第34章 深夜難眠

夜深了。

張子諾還睡不著。今晚和劉勁豐出去,酒喝得不多,話卻說得不少。回來後洗了澡,強迫自己看了一會兒書,張子諾躺在床上,腦子裡很興奮,一點睡意都沒有。和劉勁豐合作演出了那場戲,張子諾躺在床上輕鬆滿足地回味著,有一種解脫了的放鬆。

9月,秋天的夜晚,這天天氣仍舊比較熱,張子諾開著空調。溫度降下來了,心卻熱著呢。他起來,撩開窗簾,城市的燈火處處璀璨奪目。程良萍在飄窗上放了一盆蘭花。她告訴張子諾,這是春蘭,當春天到來的時候,滿室都會飄起春蘭沁人心脾的幽香。程良萍要他好好地照顧春蘭,還叮囑了他一些照管春蘭的方法。

第一次和王菡見面,是在春天,在那綠草如茵的南苑高爾夫球場。經過夏季的熱烈階段,如今,越過了成熟的秋天,他們的關係直接進入了冬季。

張子諾給王菡發過簡訊,結果石沉大海,打過電話,不接就結束通話。為什麼王菡會這樣?張子諾想不明白。

我愛她嗎?我能夠愛她嗎?我做的事究竟是寂寞的荒唐,還是真情的爆發?人一生下來就被賦予各種權利,愛,或者不愛。但是有沒有這樣一種權利,能夠超脫於社會規則之上,自由放肆地行使?如果放任自己,對程良萍,不道德;對王菡,不公平。張子諾苦惱著,他和王菡,是該穩定,還是發展,或者結束?穩定,是什麼狀態?發展,又到什麼狀態?結束,怎樣結束,能否結束?

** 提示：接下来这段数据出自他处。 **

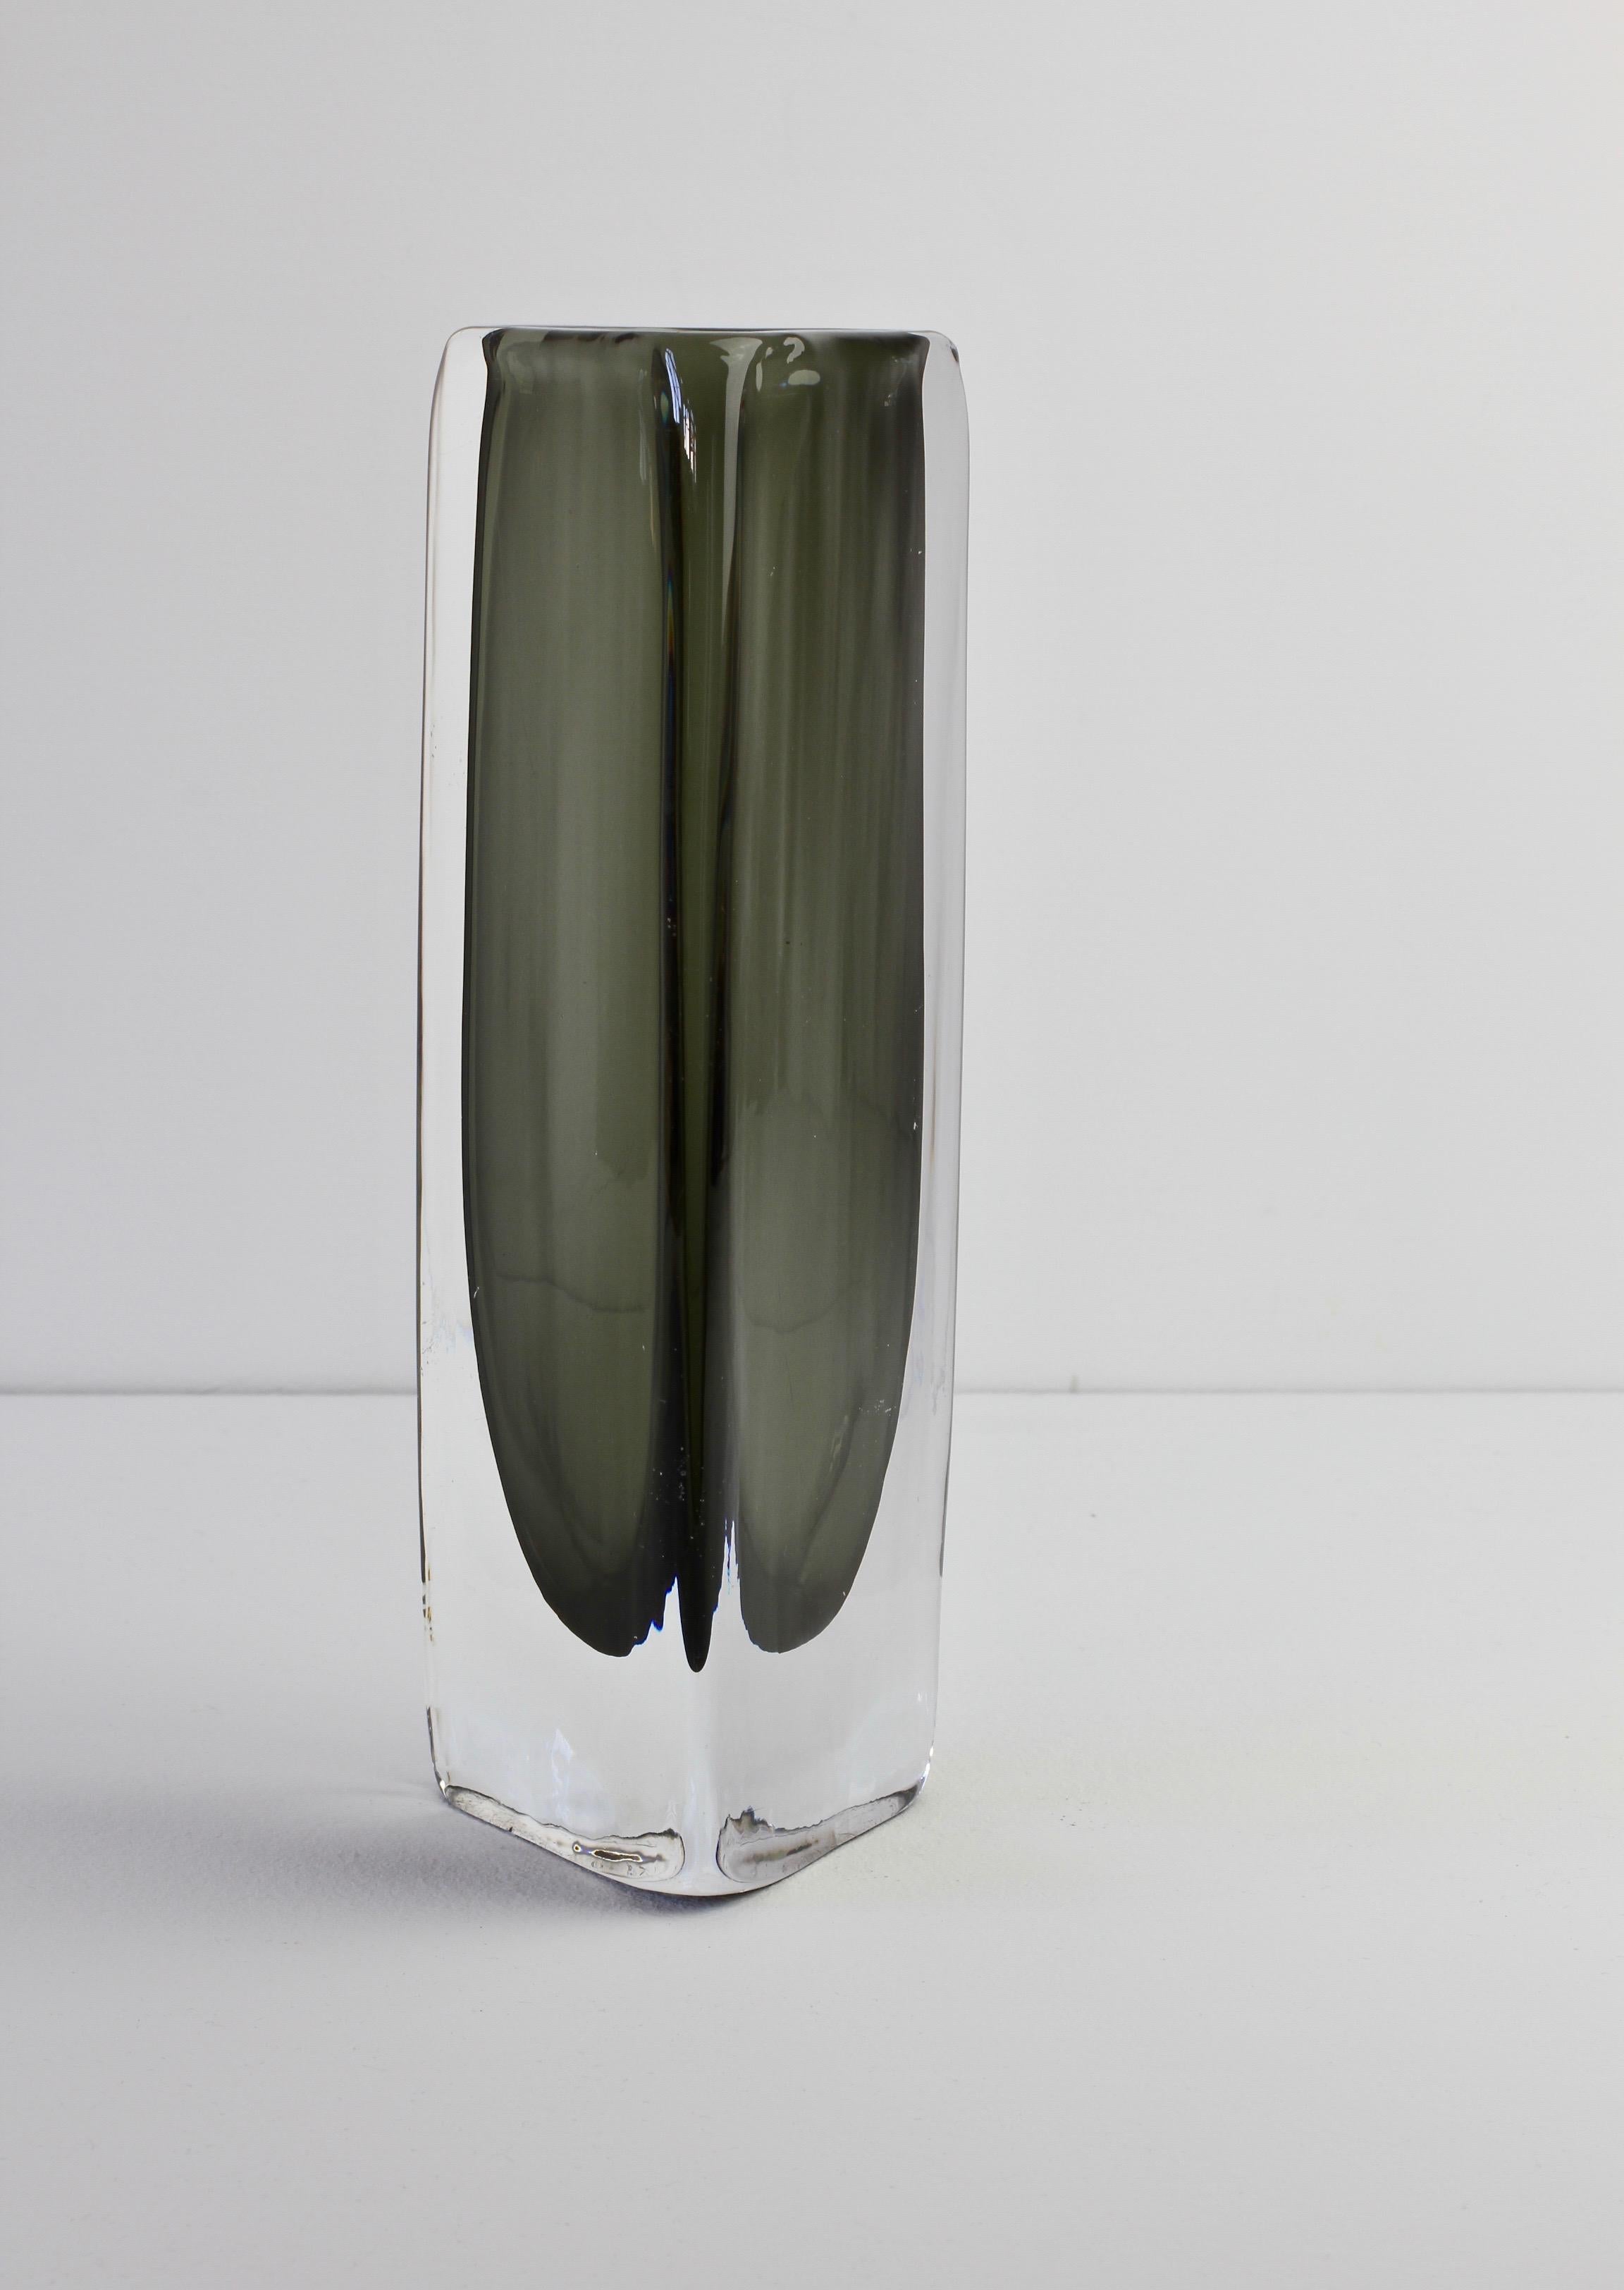 Suédois Grand vase en verre Sommerso des années 1950 signé Nils Landberg pour Orrefors Glass en vente

從我這樣牽掛著她來看,我們絕對不是平淡的普通朋友,不能自欺欺人。那麼,是做一個高尚寡慾的修行者,還是一個擁有情人的及時行樂者?要不,隨緣吧,只要剋制情慾的放縱,以真心對待僅有的情人。拋棄虛假的東西,人生才會輕鬆。

不,不行,人不僅僅是為了輕鬆快樂才來到世界的,特別是他們當中,那些驕傲的先行者們,他們註定應該是孤獨的。那種輕浮淺薄,及時行樂的觀念,導致人們道德滑坡,打著自由和人性的招牌無所顧忌,正是時代的弊病。唉,張子諾,你墮落了,你正在墮落著。

張子諾想起了和王菡一起看電影的那一幕來。開心地笑,會意地相握,然後平靜地告別。是不是,這種境地,就是他應該保持的一種最好境地——柏拉圖式戀人?

王菡也這樣想嗎?

苦惱著,張子諾又拿出手機,摩挲著,不斷地擦著手機的屏。猶豫了好一陣子,他終於鼓起勇氣按下了撥號鍵。

手機中傳來烏蘭託婭草原歌曲的鈴聲,那種清靈空曠,使打電話的人在等待的時候,也感覺到心靈的淨化。張子諾耐心地聽著,等著,不到最後一秒,他不掛機。

王菡剛一接下,張子諾急不可耐地問:

「為什麼不接我的電話啊?好久沒有和你說話了。」

「我前幾天請假,回家探親去了,去年年底也沒能回去看望父母。」王菡聲音懨懨的。

「是這樣啊。」停了一會兒,張子諾又問,「是不是,你誤會什麼了?」

「什麼誤會啊?不明白你說什麼?我困了,想休息了,明天還有一大堆事。有什麼話,以後再說吧。」

「我希望,你能夠聽我說幾分鐘。我知道,我要是不解釋,恐怕我們今夜都無法入眠。請給我機會,好嗎?」

靜默了好一會兒,王菡說:「好,你說吧。」

張子諾簡明扼要地把這幾周發生的事,對王菡說了。